(Recorded data)
»»

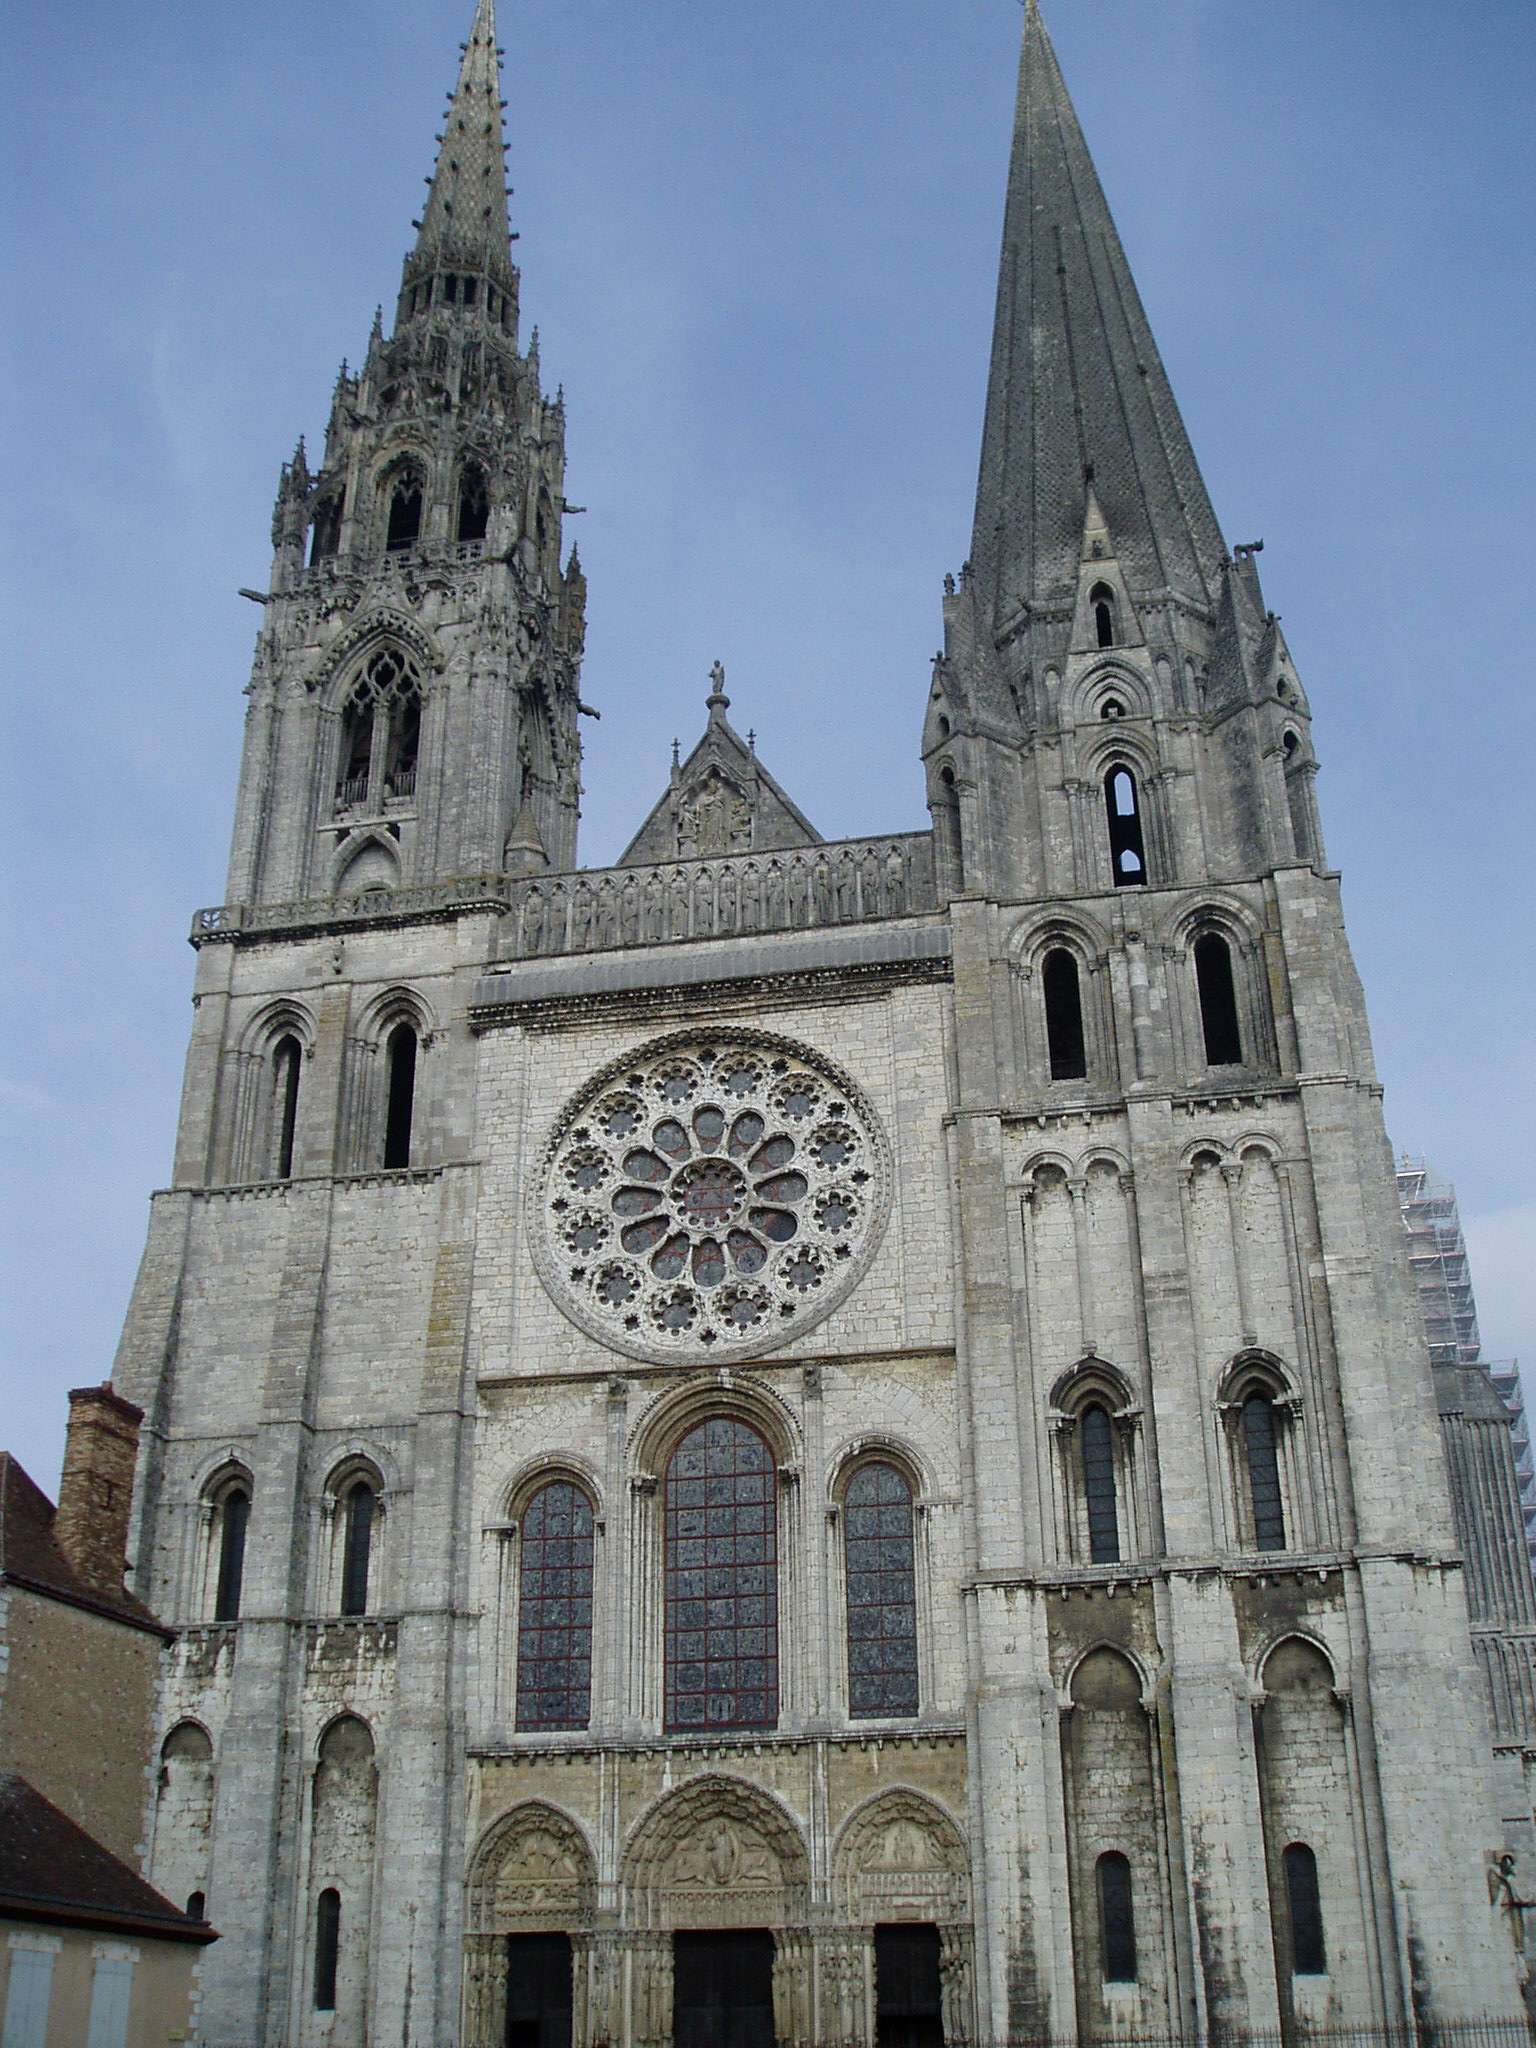 Arquitectura de la catedral de Chartres - Chartres: Arte, espiritualidad y esoterismo. (5)
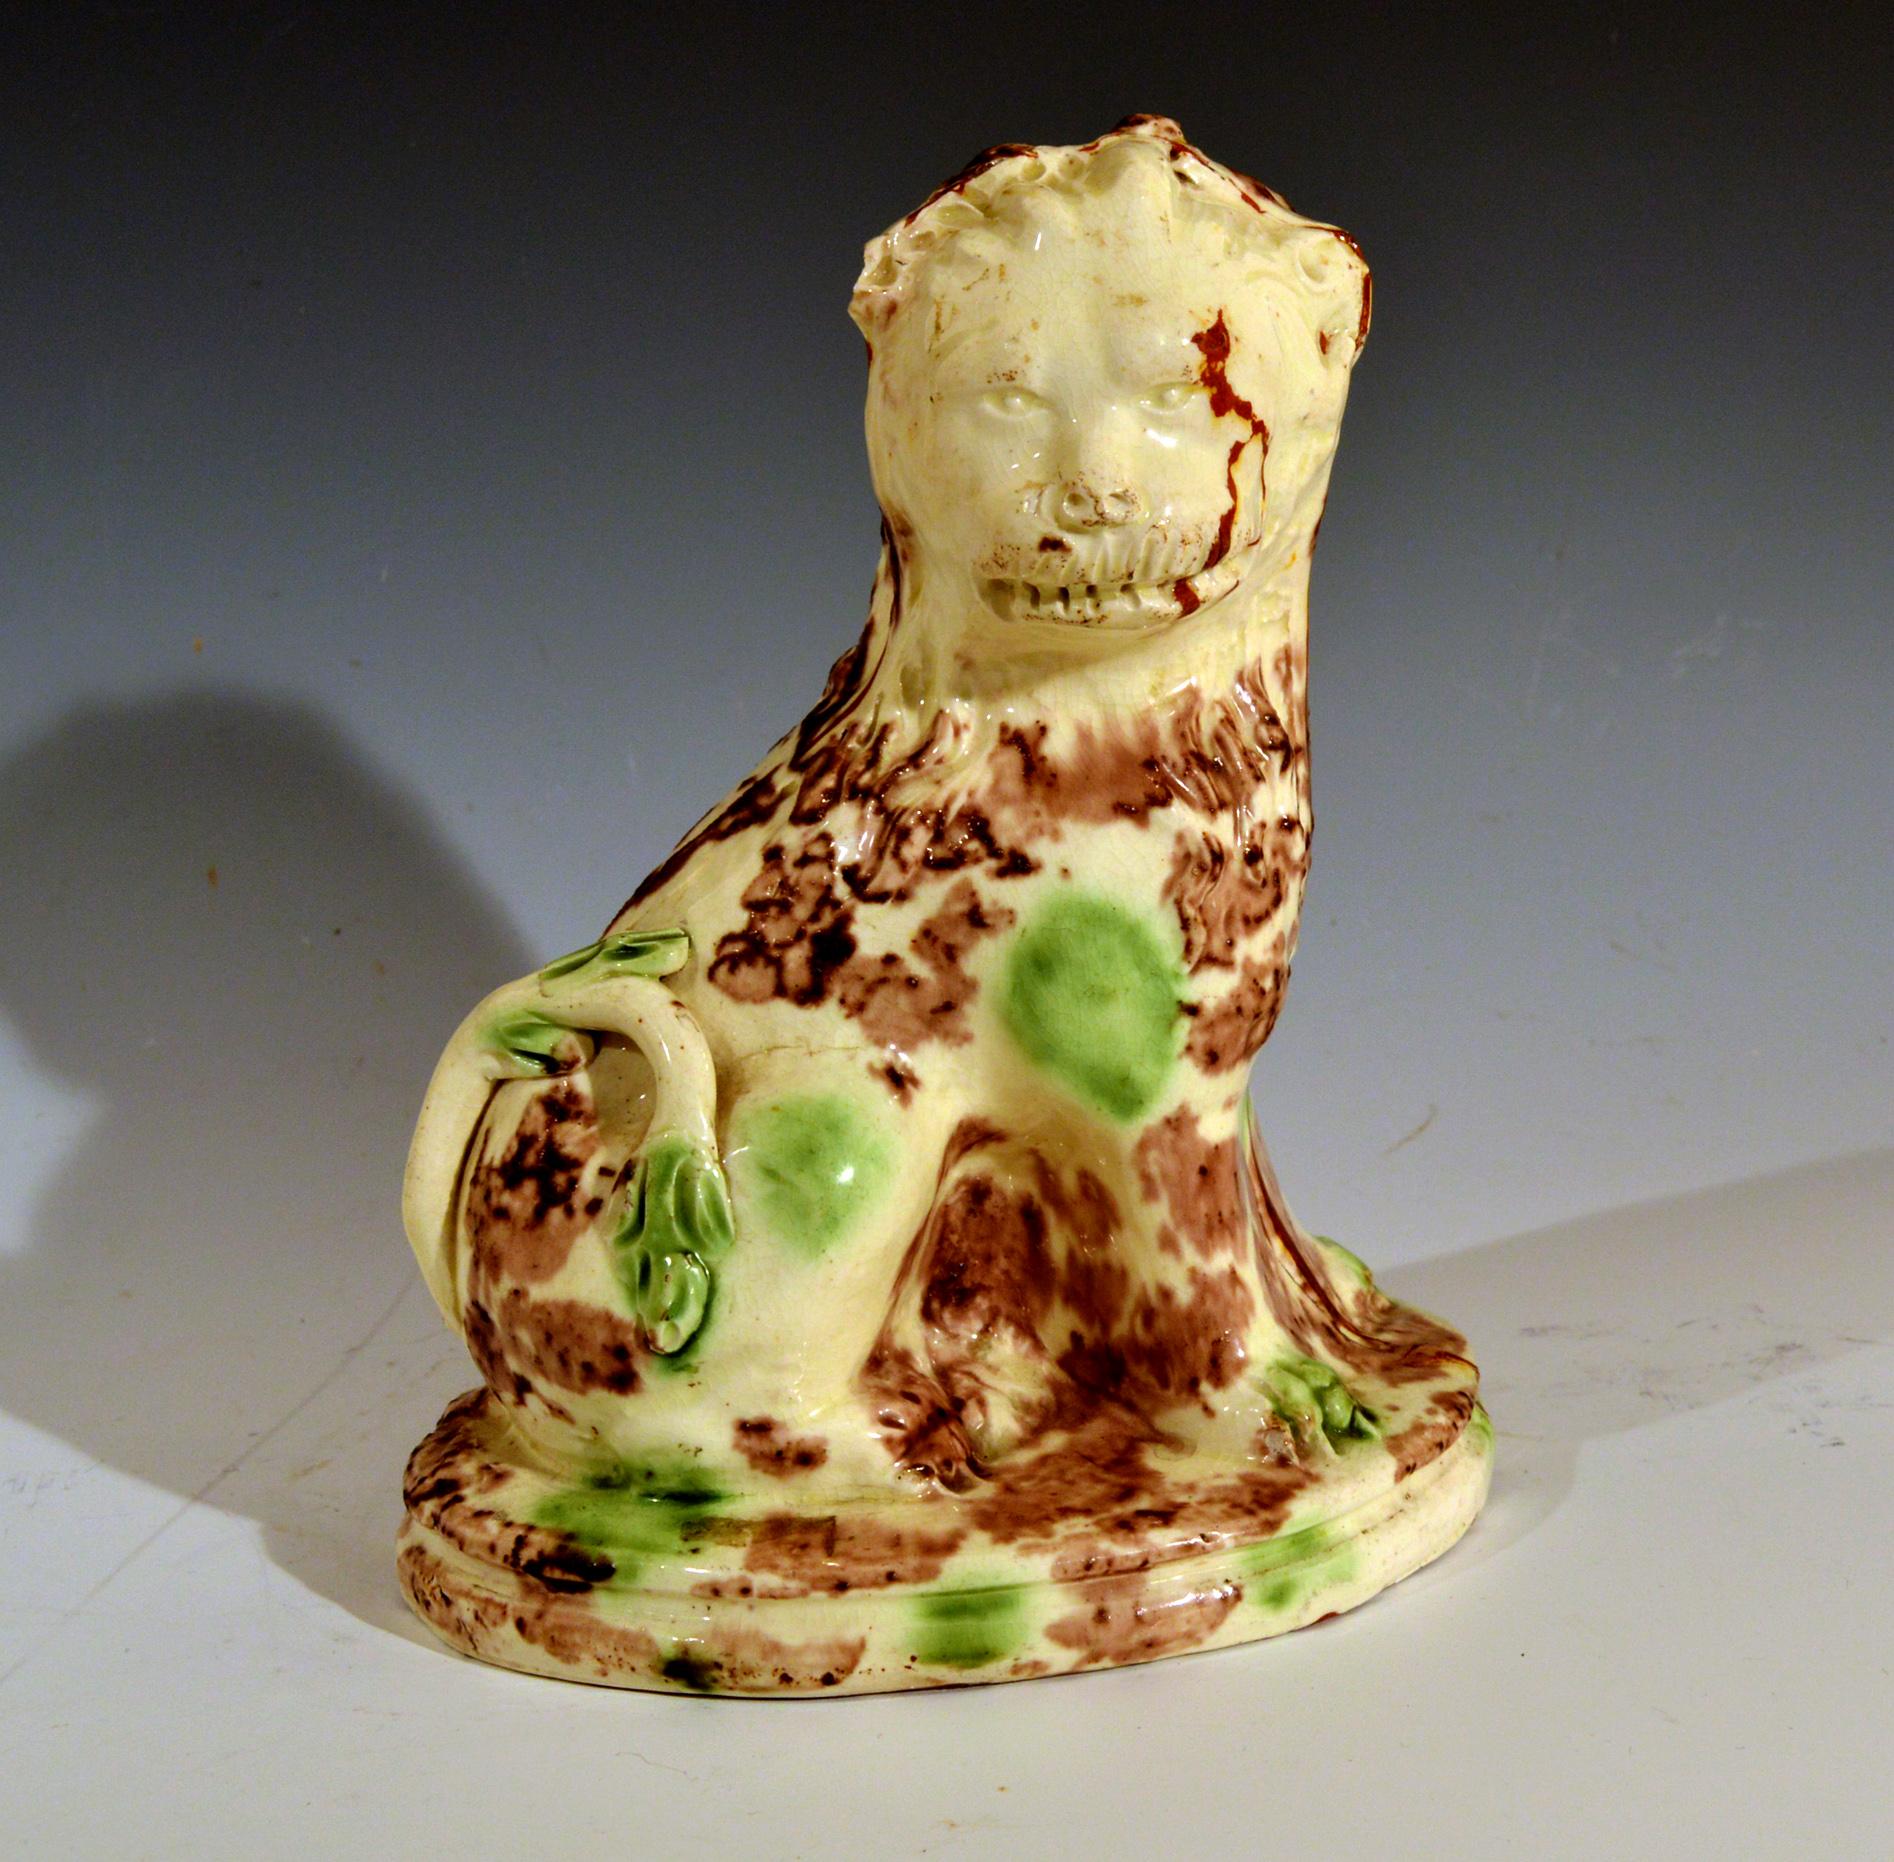 Modèle de lion en poterie anglaise,
Céramique de type Whieldon à glaçure en écaille de tortue,
vers 1765-1785

Le modèle de poterie anglaise d'un lion assis avec une glaçure en écaille de tortue de type Whieldon sur un corps en agate et redware a un

««

**TASK BRIEF:**
When copying the data above, repeat every word exactly and drop the pictures.

**EXERCISE SOLUTION:**
 Arquitectura de la catedral de Chartres - Chartres: Arte, espiritualidad y esoterismo. (5)
 Modèle de lion en poterie anglaise,
Céramique de type Whieldon à glaçure en écaille de tortue,
vers 1765-1785

Le modèle de poterie anglaise d'un lion assis avec une glaçure en écaille de tortue de type Whieldon sur un corps en agate et redware a un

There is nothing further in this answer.